Tan lleno está el mundo de nosotros que la RAE nos admite con y sin tilde. En la discoteca de las infecciones imaginarias, bailamos los hipocondriacos y los hipocondríacos. El “hipocóndriaco” -todavía no aceptado por los académicos- es nuestro gran padre. Un dios griego de largos tentáculos que se desenvuelve hoy con más promiscuidad que nunca.

Por fin hemos cumplido nuestro sueño: un virus inunda todos los rincones del planeta. Era una quimera que nos generaba tanto miedo como deseo. La unión de estos dos factores aparentemente contrapuestos condensa la clave del trastorno. El hallazgo y el combate de la enfermedad construyen el motor que mantiene con vida al hipocondriaco.

Los hijos de las enfermedades inexistentes alcanzamos la lucidez cuando renunciamos a la medicación. El hipocondriaco está a salvo de su condición cuando, consciente de su pesadilla, deja de contemplar la farmacia como si fuera un Mercadona.

Cuando bordeaba esa conclusión advertí que el Teatro de la Comedia ofrecía -y todavía ofrece- una obra titulada El enfermo imaginario, de Molière. Corrí hacia el patio de butacas como el salvaje que acude presto al llamado de la tribu. Ahí estábamos todos los hipocondriacos del mundo -los verdaderos proletarios del presente- unidos.
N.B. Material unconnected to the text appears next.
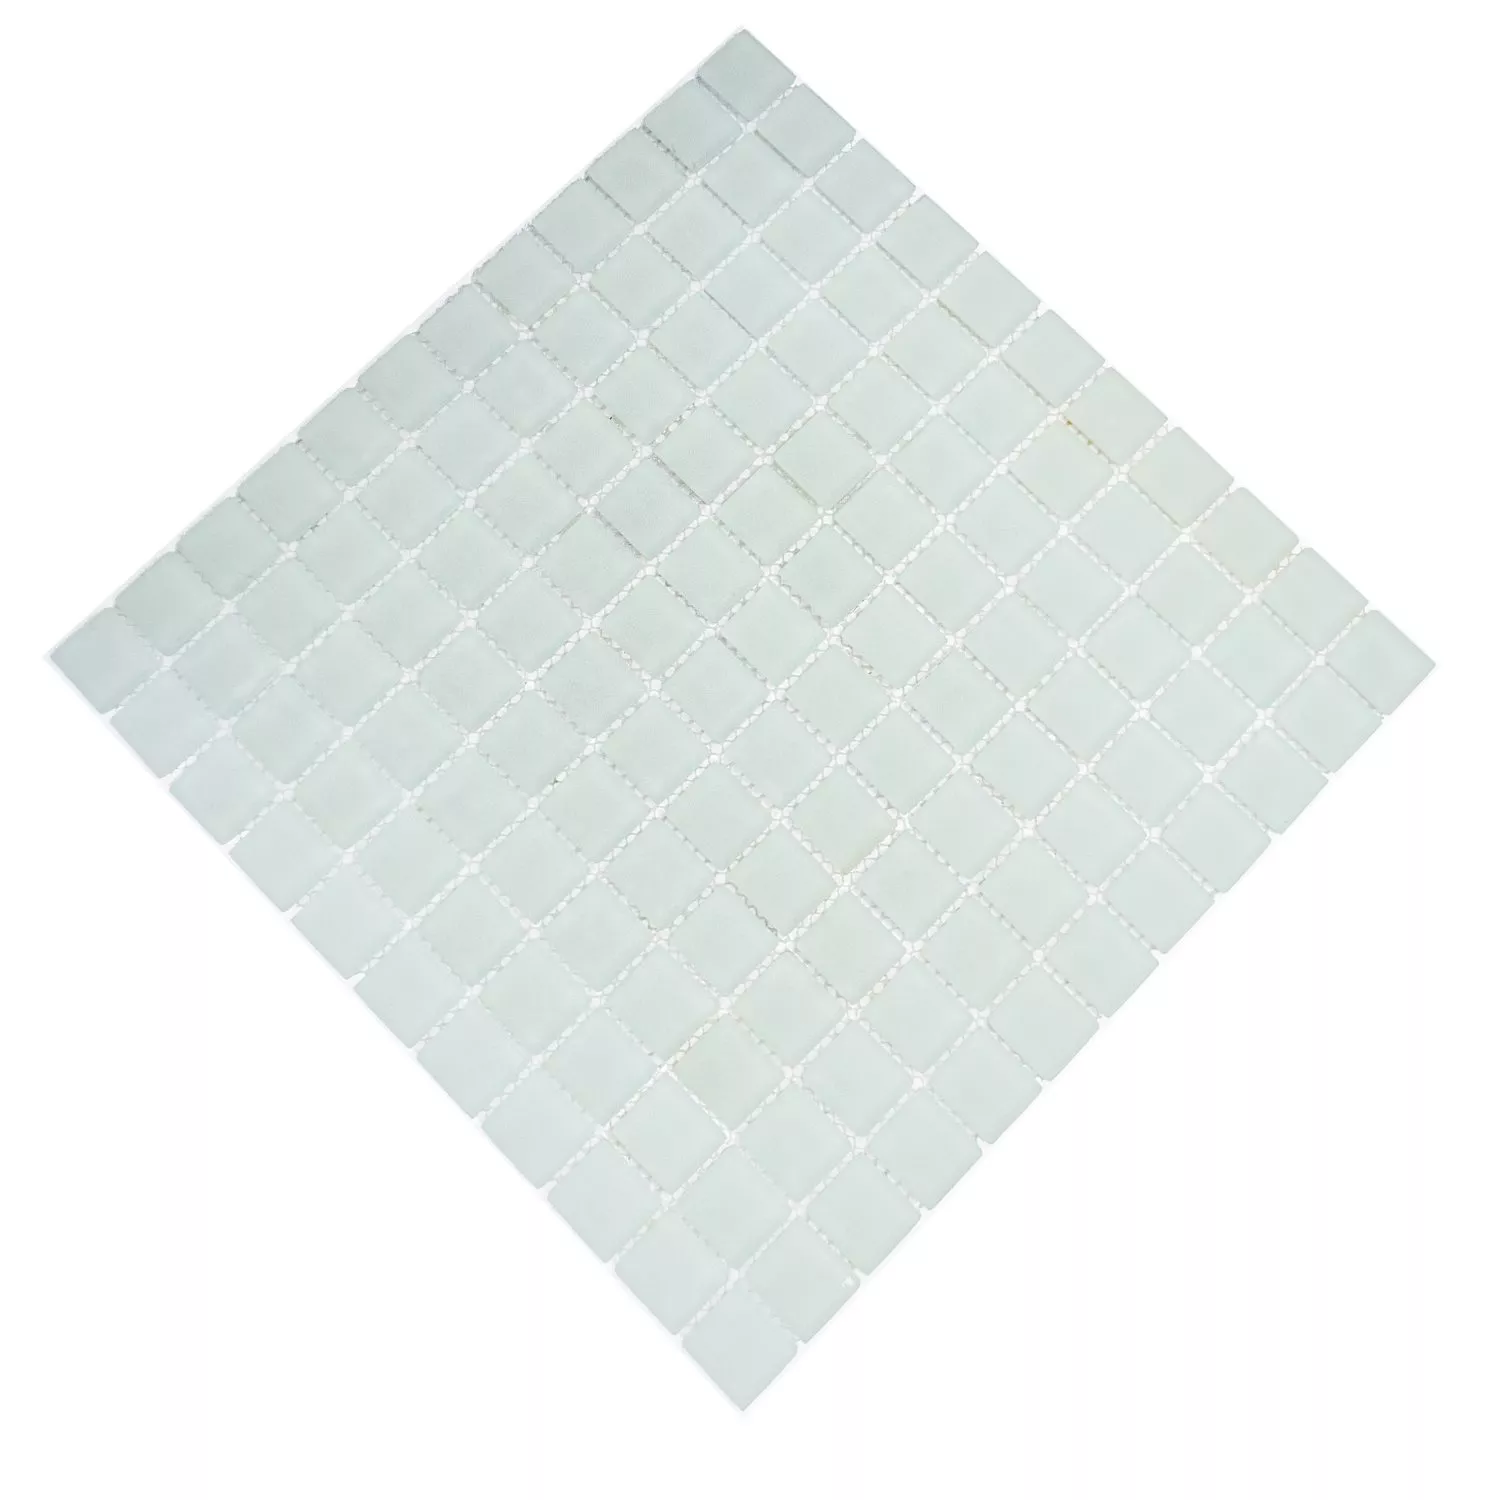 Próbka Mozaika Szklana Płytki Biały Matowy Oszroniony

El actor principal y director, Josep María Flotats, avisaba en el programa de mano: “España es el segundo país del mundo que más ansiolíticos consume. Entre 2000 y 2013, se produjo un incremento del 200%”.

Flotats, convertido en el viejo Agrán, se enfadaba con quienes le saludaban con el típico “tiene usted mejor cara”. Al verlo, sentí un escalofrío porque, sin llegar a tal extremo, rememoré algunas ocasiones en las que yo también preferí un “métete en la cama, estás muy pálido”.

El hipocondriaco no es idiota. O mejor dicho: no todos los hipocondriacos somos idiotas. La enfermedad, por dolorosa, nos contraría, pero nada más experimentarla suele cruzar nuestra cabeza este pensamiento: “¿Veis? No me creíais, pero estoy enfermo”. 

José Manuel Sánchez Ron, físico con sillón en la RAE y encargado de abrir boca en los espectadores con un texto sobre la obra, me empujó a un baño de realidad terriblemente helador. ¡Qué hábil era Molière! El libreto, como explica este escritor, combina dos relatos: el del viejo hipocondriaco y la historia de amor de su hija. Si no pierdes detalle de los dolores del viejo y arrinconas las vicisitudes de la bella Angélica en un tenebroso lugar del subconsciente, eres un… Sí. Un puñetero hipocondriaco.

Han pasado casi cuatrocientos años de la muerte de Molière. El autor del Tartufo falleció el 17 de febrero de 1673, el mismo día que representaba, ¡sorpresa!, El enfermo imaginario. En plena escena, sufrió una convulsión. Le llevaron a casa y culminó su viaje al más allá. Algunos admiradores sostienen hoy que fue liquidado. Nada hay peor para un hipocondriaco que la ridiculización de sus ansiadas enfermedades. Sí, fuimos nosotros.